Output → `public/` directory with `index.html`, `output/*.json`, `output/*.md`.

### Deploy to Vercel

```bash
make deploy        # Deploy to production (flatbench.vercel.app)
make deploy-preview  # Deploy preview build
```

---

## Project Structure

```
flatbench/
├── Dockerfile              # Flatseek API server container
├── docker-compose.yml       # All engine containers
├── Makefile                 # Infrastructure + build commands
├── build.sh                 # Static site build script
├── report_viewer.html       # Web UI for browsing results
├── pyproject.toml           # flatbench package definition
├── src/flatbench/
│   ├── cli.py               # CLI entry point
│   ├── benchmarks/           # Benchmark orchestration + report generation
│   ├── generators/           # Synthetic data generators (schema-aware)
│   ├── runners/              # Engine runners (HTTP API / CLI)
│   │   ├── flatseek_api.py   # Flatseek HTTP API runner
│   │   ├── flatseek_cli.py   # Flatseek CLI runner
│   │   ├── elasticsearch.py   # Elasticsearch runner
│   │   ├── tantivy.py        # tantivy (Rust) runner
│   │   ├── typesense.py      # Typesense runner
│   │   ├── whoosh.py         # Whoosh runner
│   │   ├── zincsearch.py     # ZincSearch runner
│   │   ├── sqlite.py         # SQLite FTS5 runner
│   │   └── duckdb.py         # DuckDB full-text runner
│   └── output/               # Benchmark results (JSON + Markdown)
```

---

## Adding a New Engine

```python
from flatbench.runners import BaseRunner, BenchmarkResult, register_engine

@register_engine("myengine")
class MyEngineRunner(BaseRunner):
    name = "myengine"
    supports_aggregate = False
    supports_range_query = True
    supports_wildcard = True

    def build_index(self, data_path: str, **kwargs) -> BenchmarkResult:
        # Bulk API indexing logic
        pass

    def search(self, query: str, iterations: int = 10, **kwargs) -> BenchmarkResult:
        # Search via HTTP API
        pass
```

Then add to `--engines` list: `--engines flatseek,myengine,...`

---

## Benchmark Results (Latest: 500K rows, article schema)

> **Latest Full results:** [`bench.flatseek.io`](https://bench.flatseek.io)

### Overall Score (60% speed · 40% correctness)

| Engine | Speed | Correctness | Score |
|--------|-------|-------------|-------|
| **Flatseek** | 🟢 | 🟢 | **0.878** ◀ |
| typesense | 🟢 | 🟢 | 0.832 |
| zincsearch | 🟢 | 🟢 | 0.823 |
| elasticsearch | 🟢 | 🟢 | 0.820 |
| tantivy | 🟢 | 🔴 | 0.650 |
| whoosh | 🔴 | 🔴 | 0.025 |

### Key Takeaways

- **Correctness matters:** Flatseek is the only engine with zero correctness errors.
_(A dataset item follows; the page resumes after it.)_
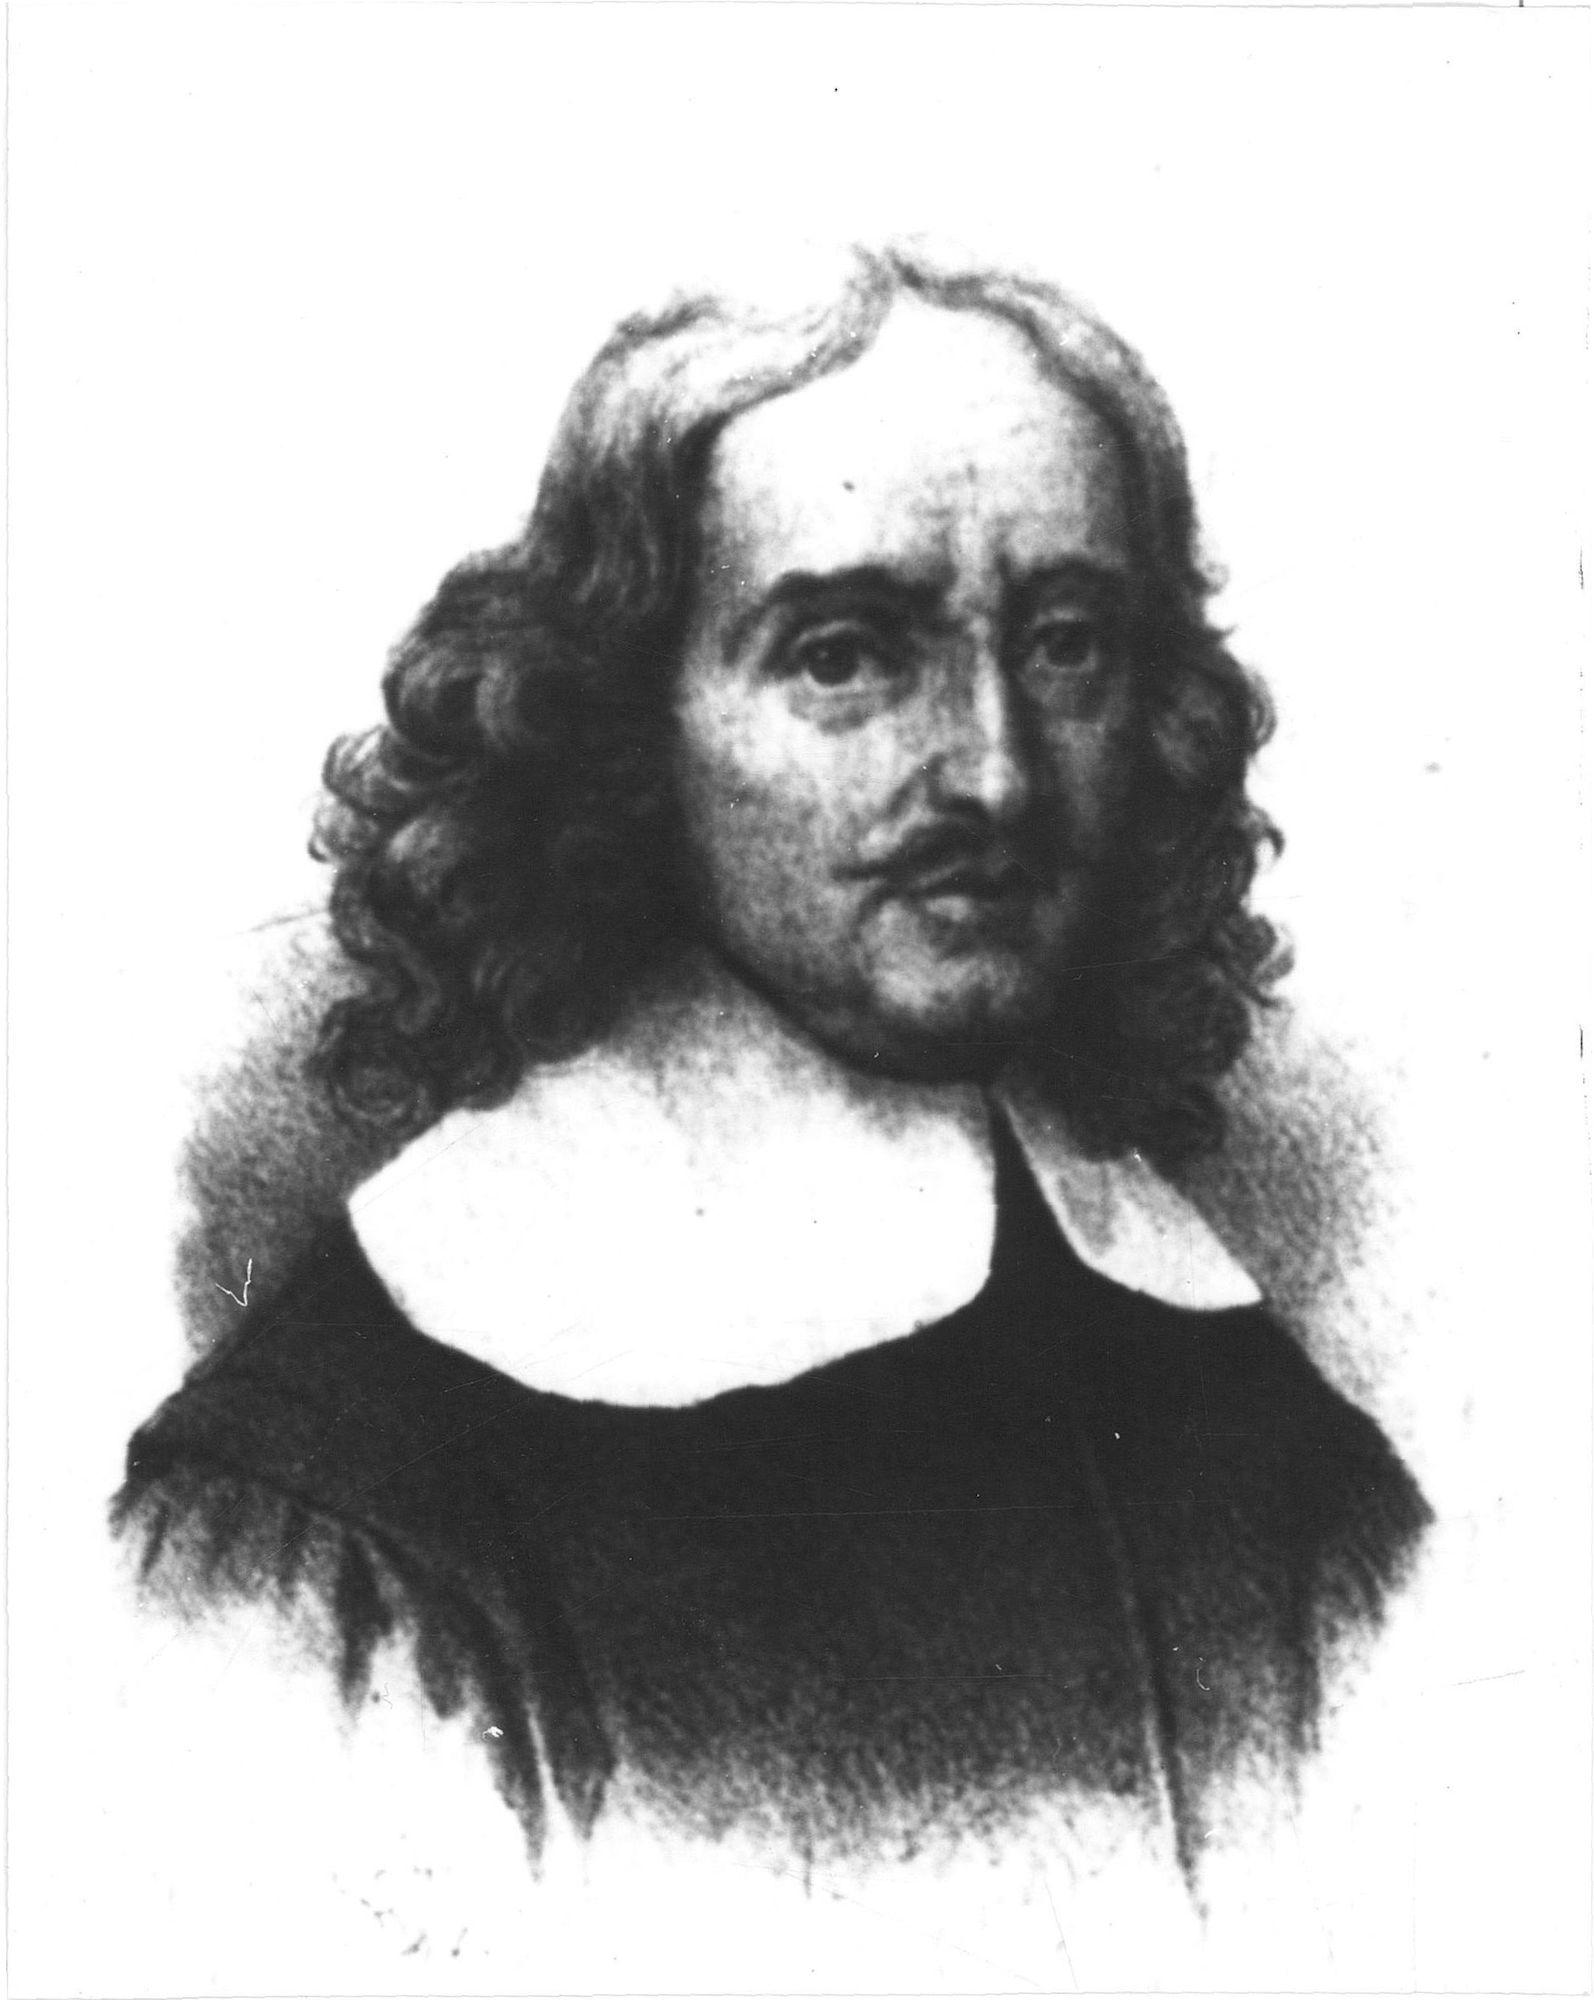 Portret van Jan Palfyn, Kortrijks chirurgijn
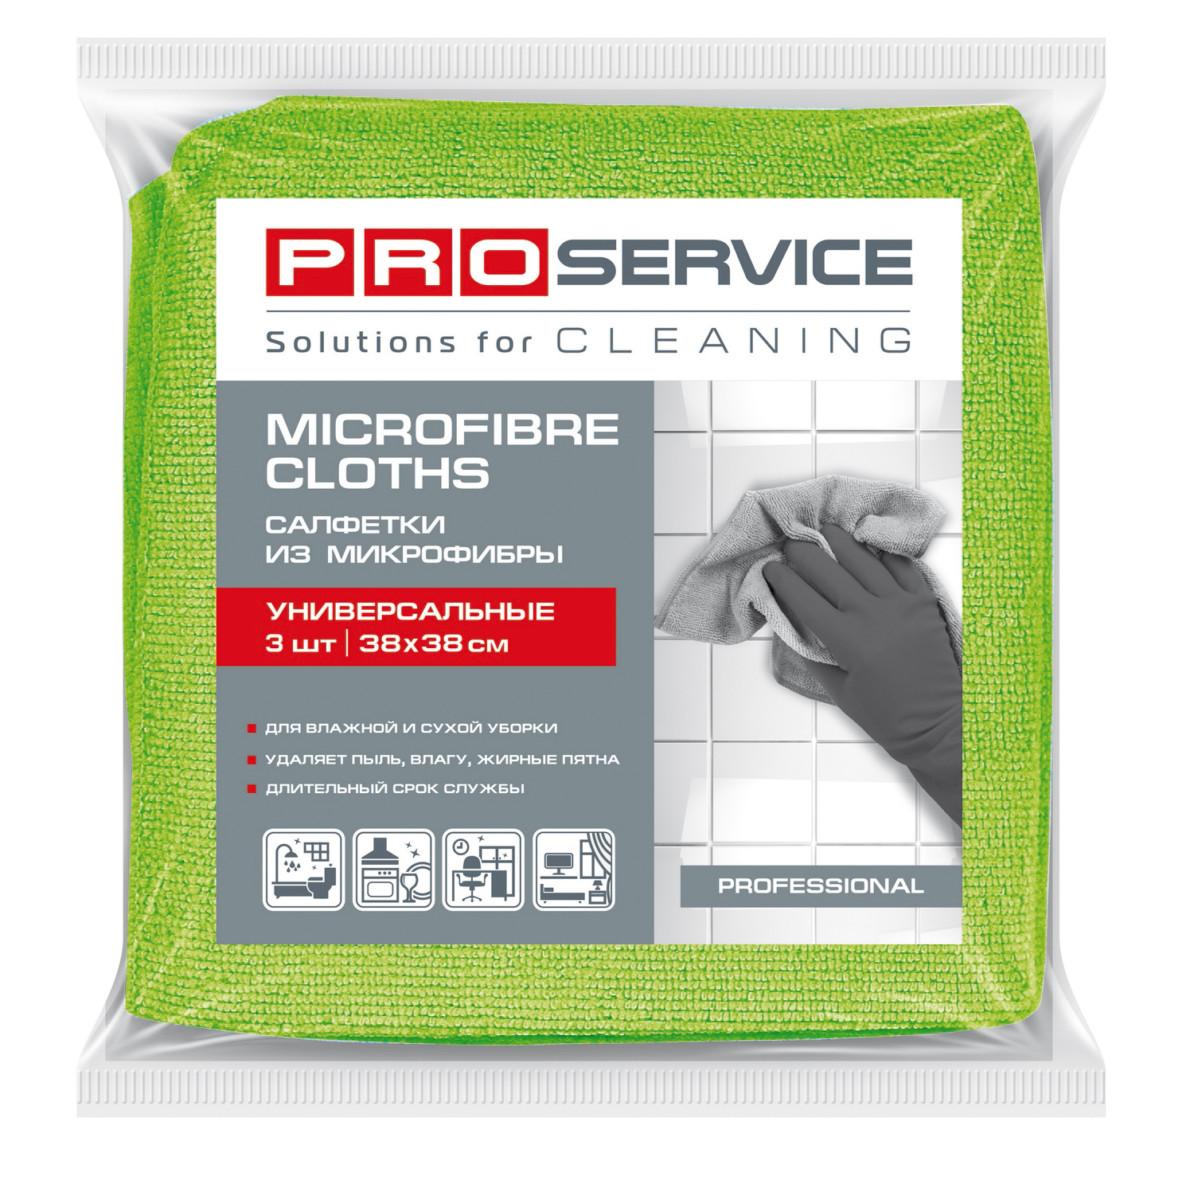 Серветки з мікрофібри PRO service Professional зелені, 3 шт- Фото - Biosphere

Tantivy misses 99.4% of range query hits.
- **Search:** Tantivy fastest (0.7ms p50), but wrong. Flatseek second-fastest correct (7.9ms).
- **Build:** Tantivy wins (21s for 500K), but Flatseek build is reasonable (217s).
- **Aggregation:** Competitors (ES, tantivy) are 20–300× faster — Flatseek aggregation is a known weakness.